● **Data excerpt**:
◆ ◆ ◆ ◆ ◆ ◆ ◆

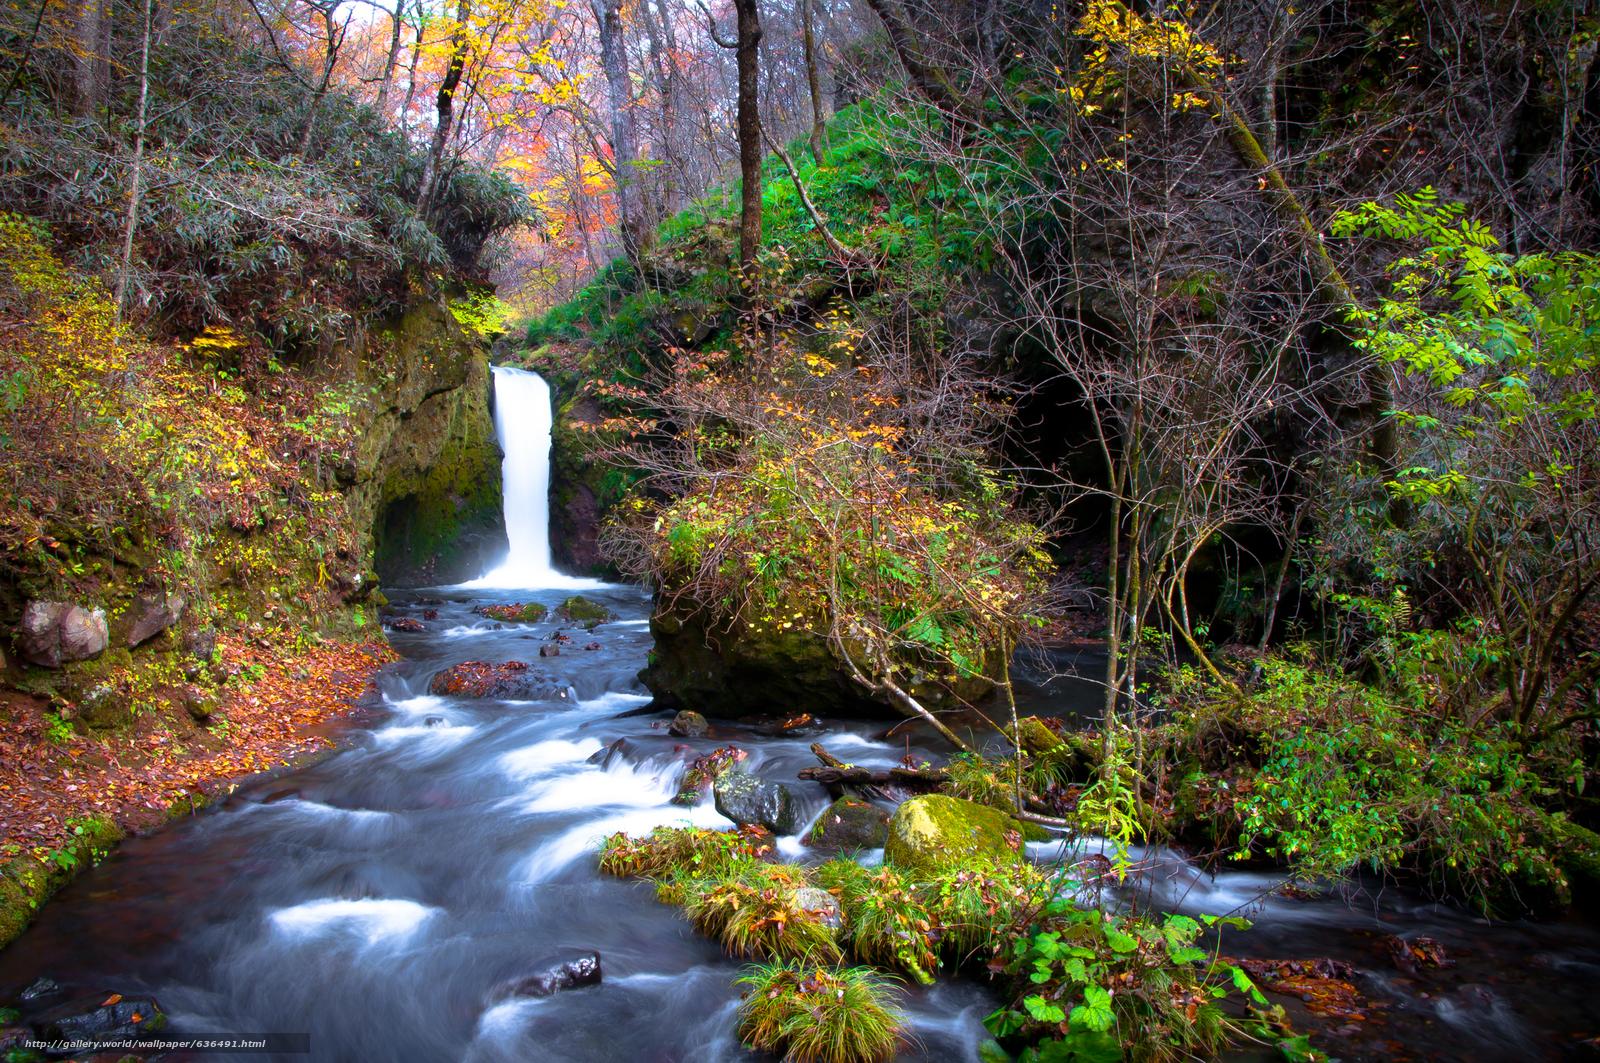 Скачать обои лес,  деревья,  осень,  водопад бесплатно для рабочего стола в разрешении 2560x1700 — картинка №636491
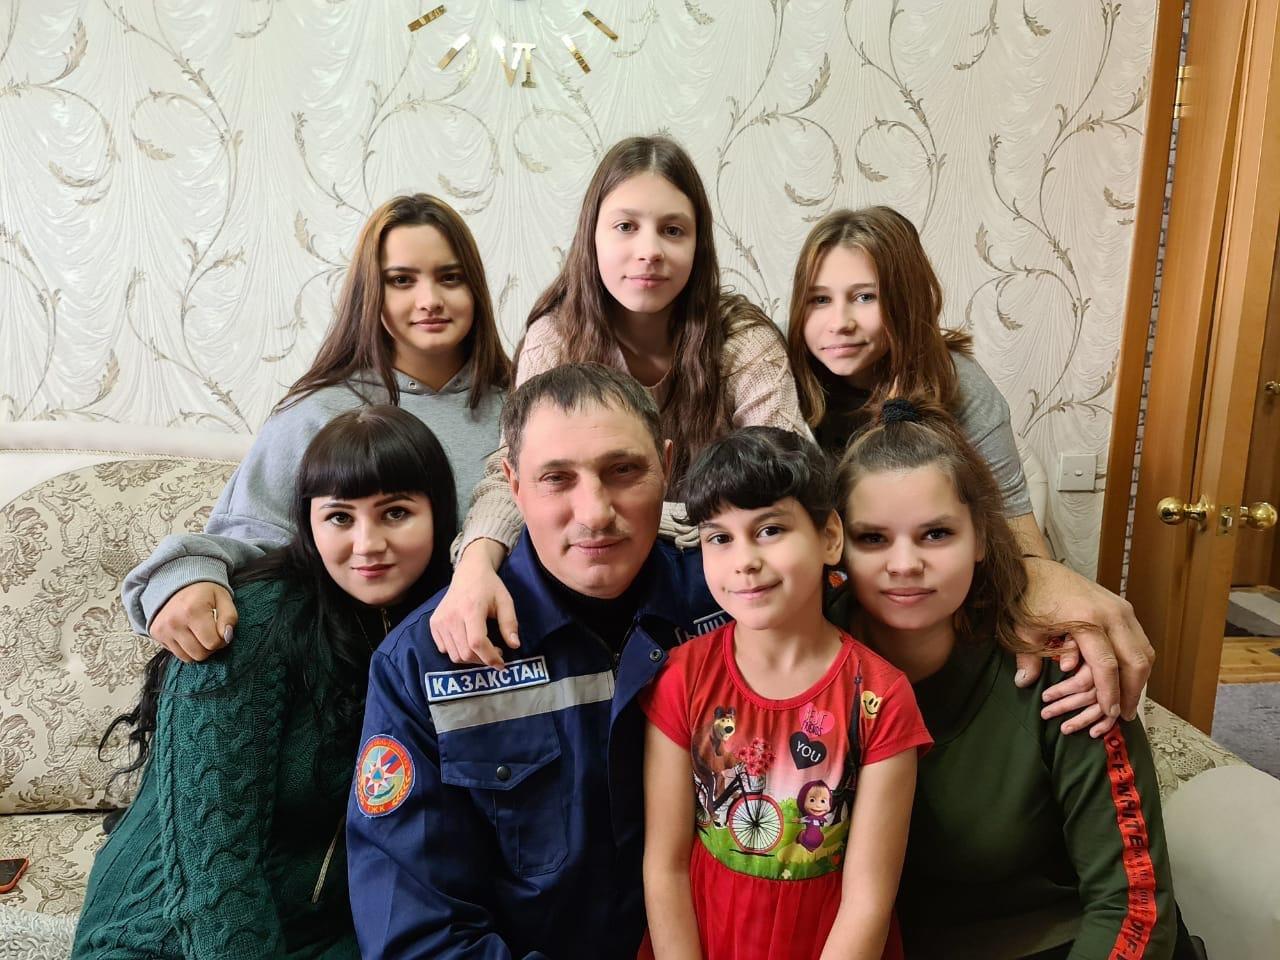 Шесть сирот взял в семью спасатель из Караганды, фото-1
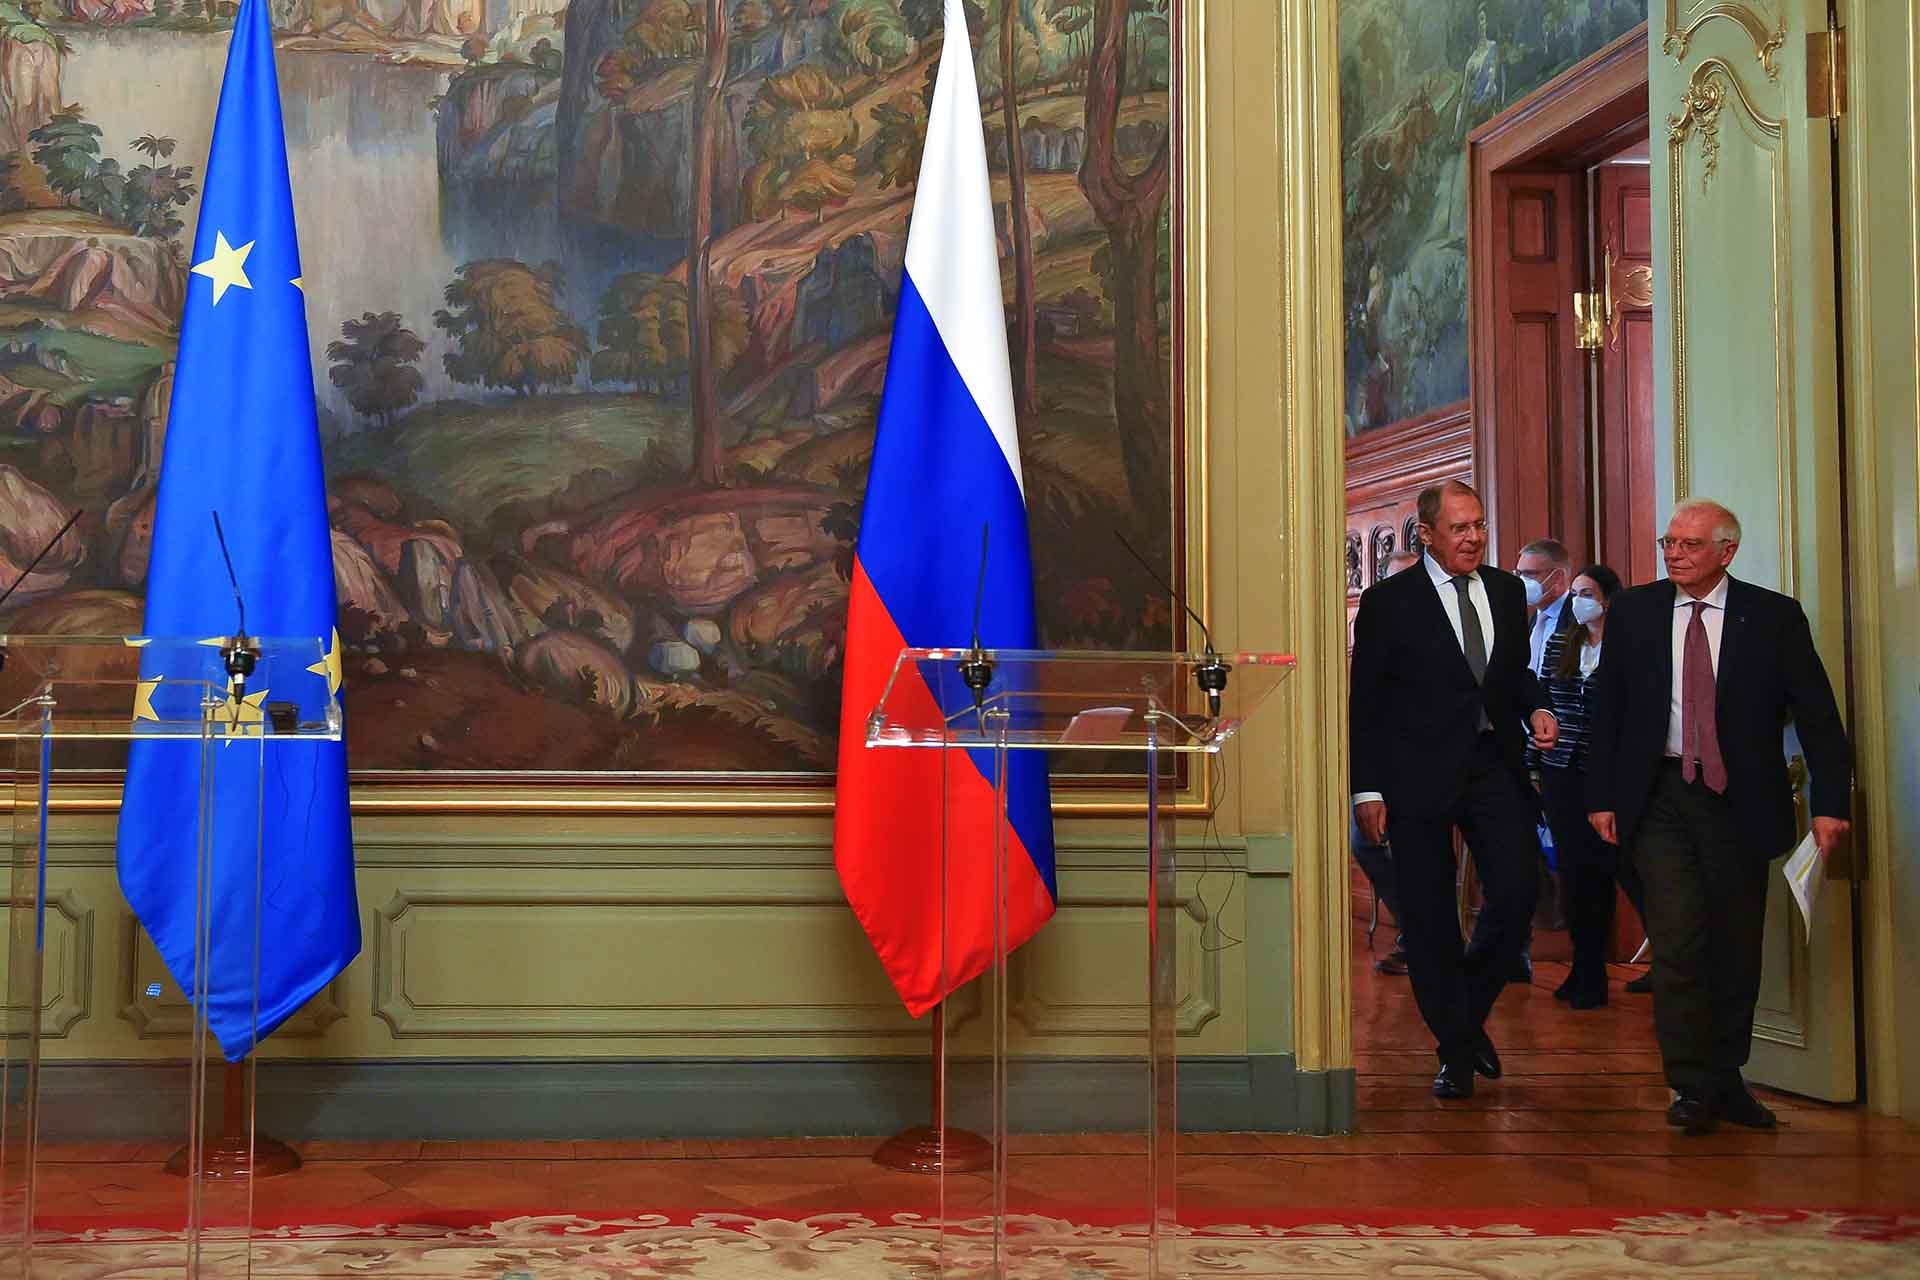 Ρωσία – Ευρωπαϊκή Ένωση: Μεταξύ κατεργαραίων, ειλικρίνεια

◆ ◆ ◆ ◆ ◆ ◆ ◆

What you hand back should match the listing exactly, except that no pictures appear.

● **Written response**:
 Скачать обои лес,  деревья,  осень,  водопад бесплатно для рабочего стола в разрешении 2560x1700 — картинка №636491
 Шесть сирот взял в семью спасатель из Караганды, фото-1
 Ρωσία – Ευρωπαϊκή Ένωση: Μεταξύ κατεργαραίων, ειλικρίνεια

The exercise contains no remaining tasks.